Feature Engineering Utilities

utils.feature_engineering.calculate_distance(coord1: Tuple[float, float], coord2: Tuple[float, float]) → float | None[source]

Compute geodesic distance in kilometers between two coordinate pairs.

Parameters:

coord1 (tuple of float) – First coordinate as (latitude, longitude).
coord2 (tuple of float) – Second coordinate as (latitude, longitude).

Returns:

Distance in kilometers, or None if calculation fails.

Return type:

float or None

utils.feature_engineering.calculate_experience_match_score(df: DataFrame) → Series[source]

Calculate the normalized difference between candidate and required experience.

The function compares years of experience and returns a normalized score based on the range of values found in the dataset.

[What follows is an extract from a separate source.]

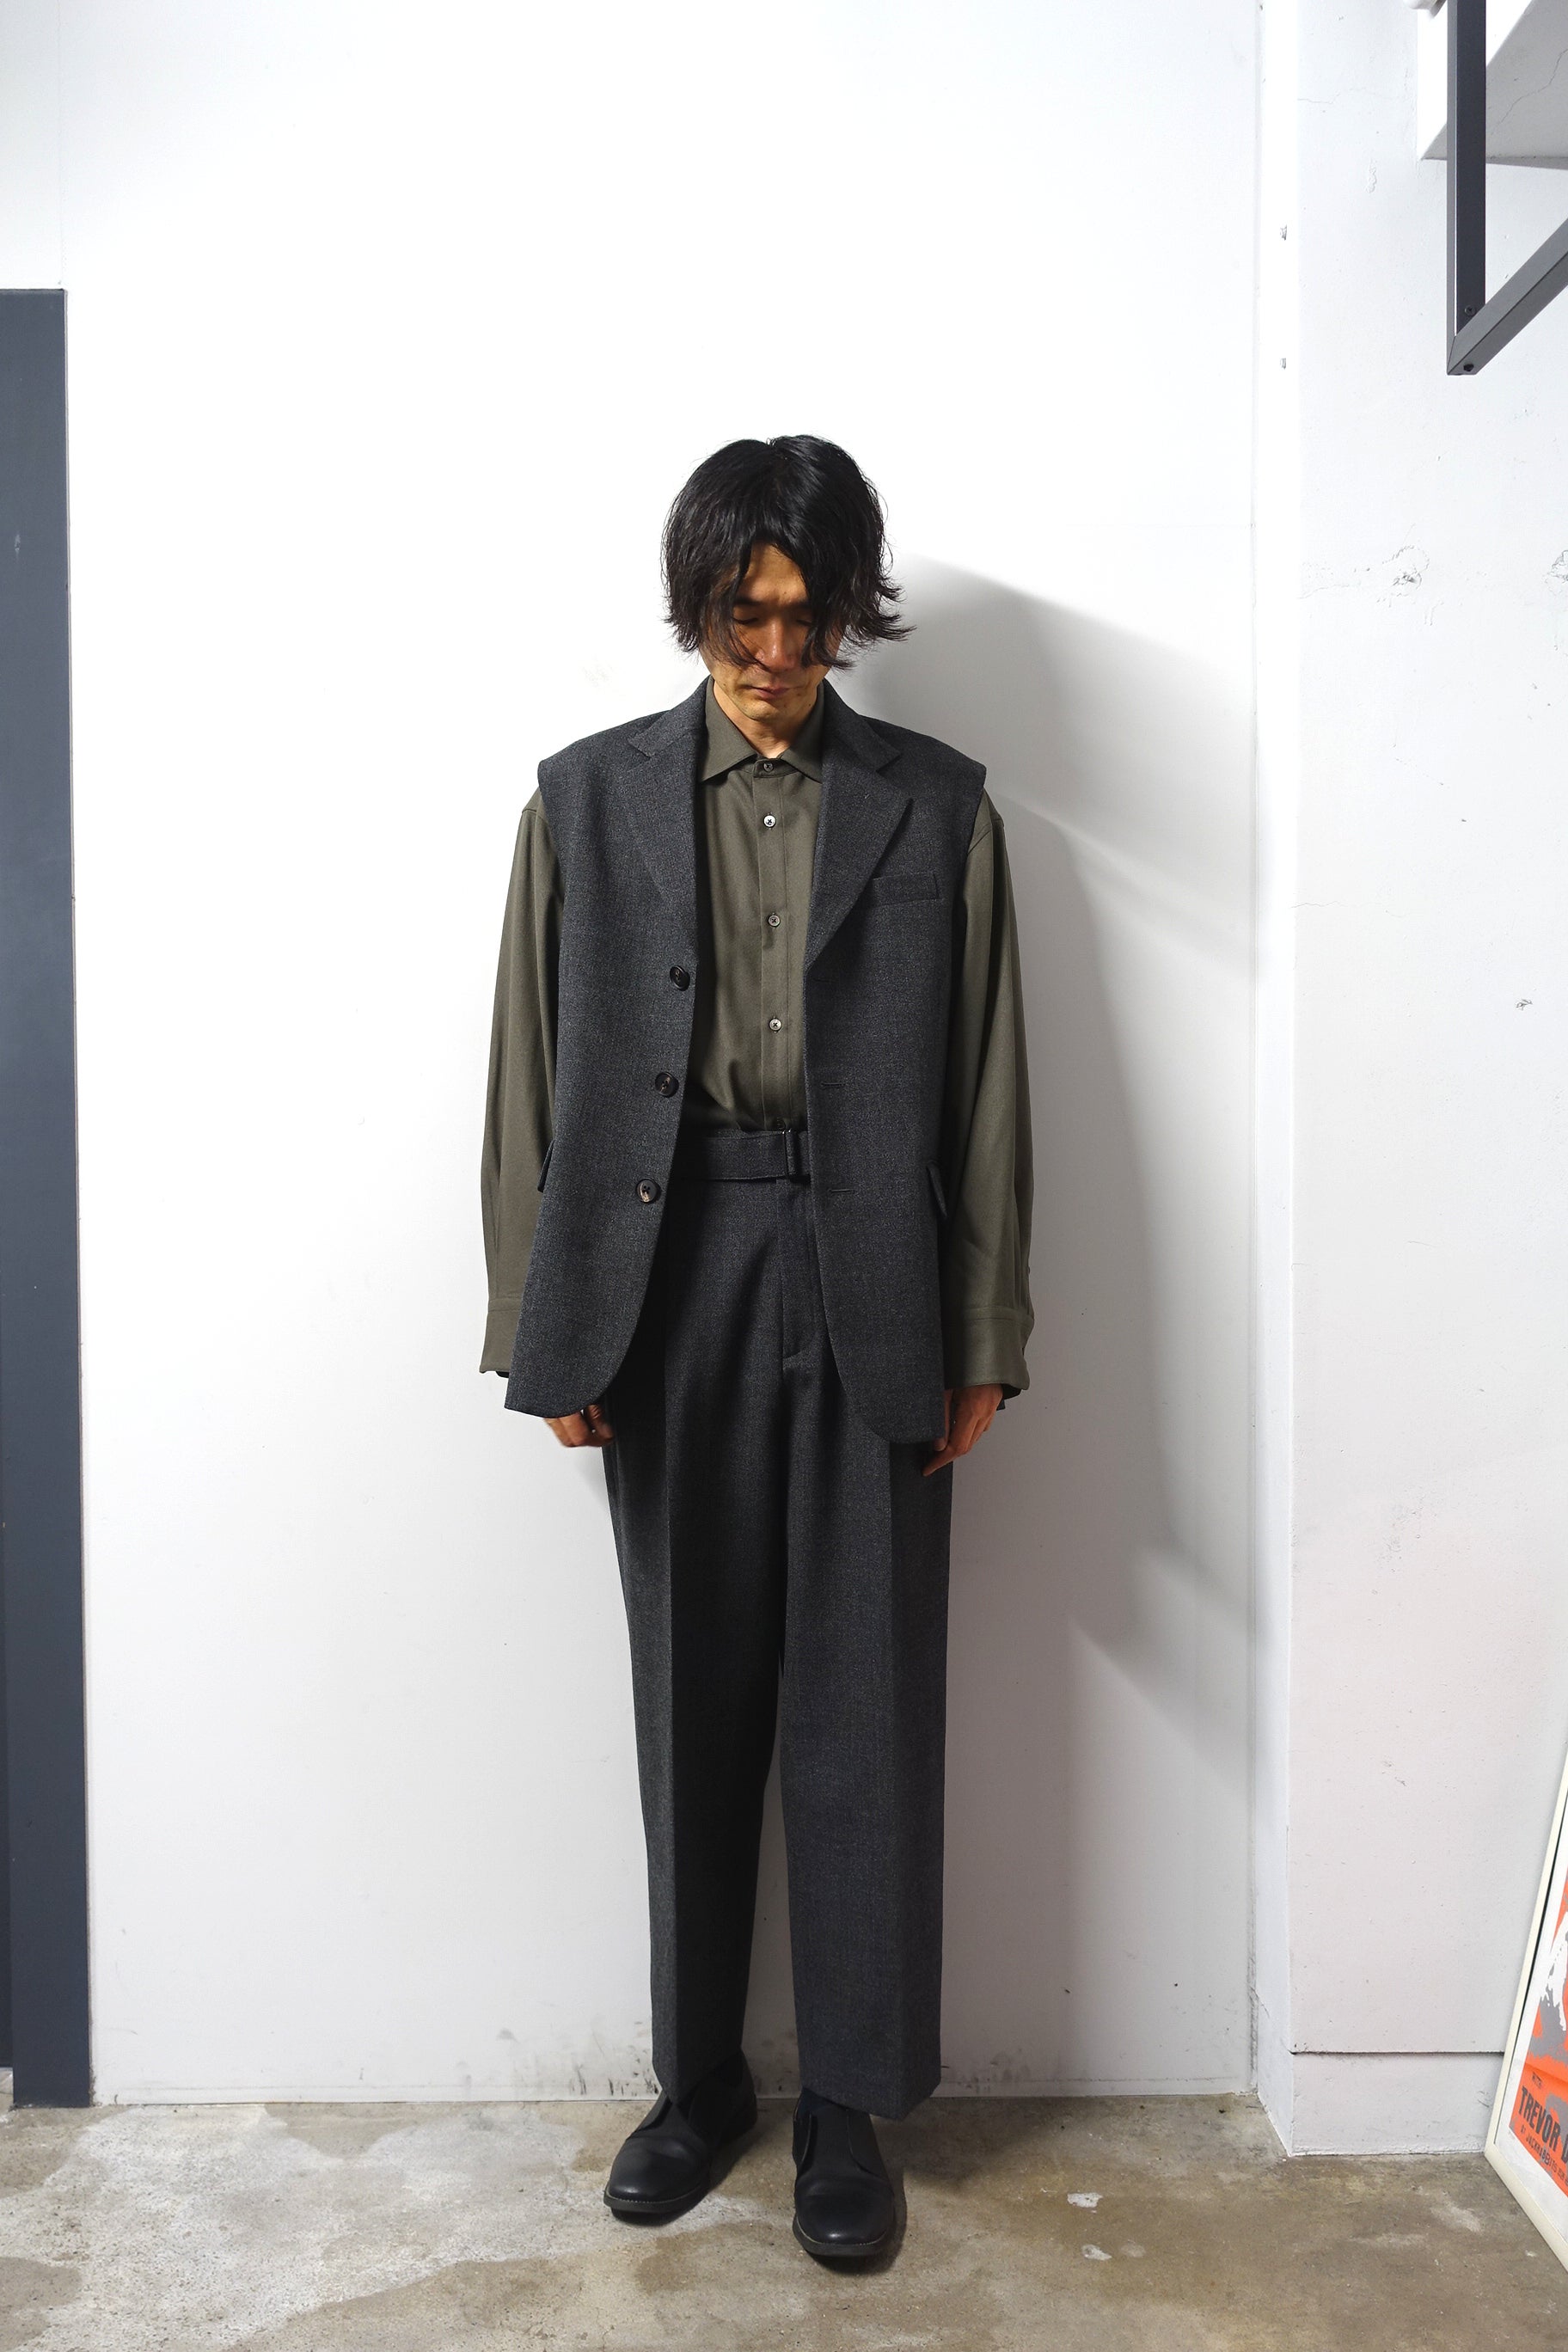 stein BELTED WIDE STRAIGHT TROUSERS 黒ウエストの長さを知りたいです

Parameters:: df (pandas.DataFrame) – DataFrame containing ‘Years Experience_int’ and ‘Years Experience.1_int’.
Returns:: A Series containing normalized experience difference scores.
Return type:: pandas.Series

utils.feature_engineering.calculate_professional_similarity_score(df: DataFrame) → Series[source]

Calculate semantic similarity between candidate’s background and job description.

Compares sector and last role against job family and job title using sentence embeddings and cosine similarity.

Parameters:: df (pandas.DataFrame) – DataFrame with ‘Sector’, ‘Last Role’, ‘Job Family Hiring’, and ‘Job Title Hiring’.
Returns:: A Series of professional similarity scores.
Return type:: pandas.Series

utils.feature_engineering.calculate_salary_fit_score(df: DataFrame, is_expected: bool = True) → Series[source]

Calculate the salary fit score between a candidate’s salary and job’s salary range.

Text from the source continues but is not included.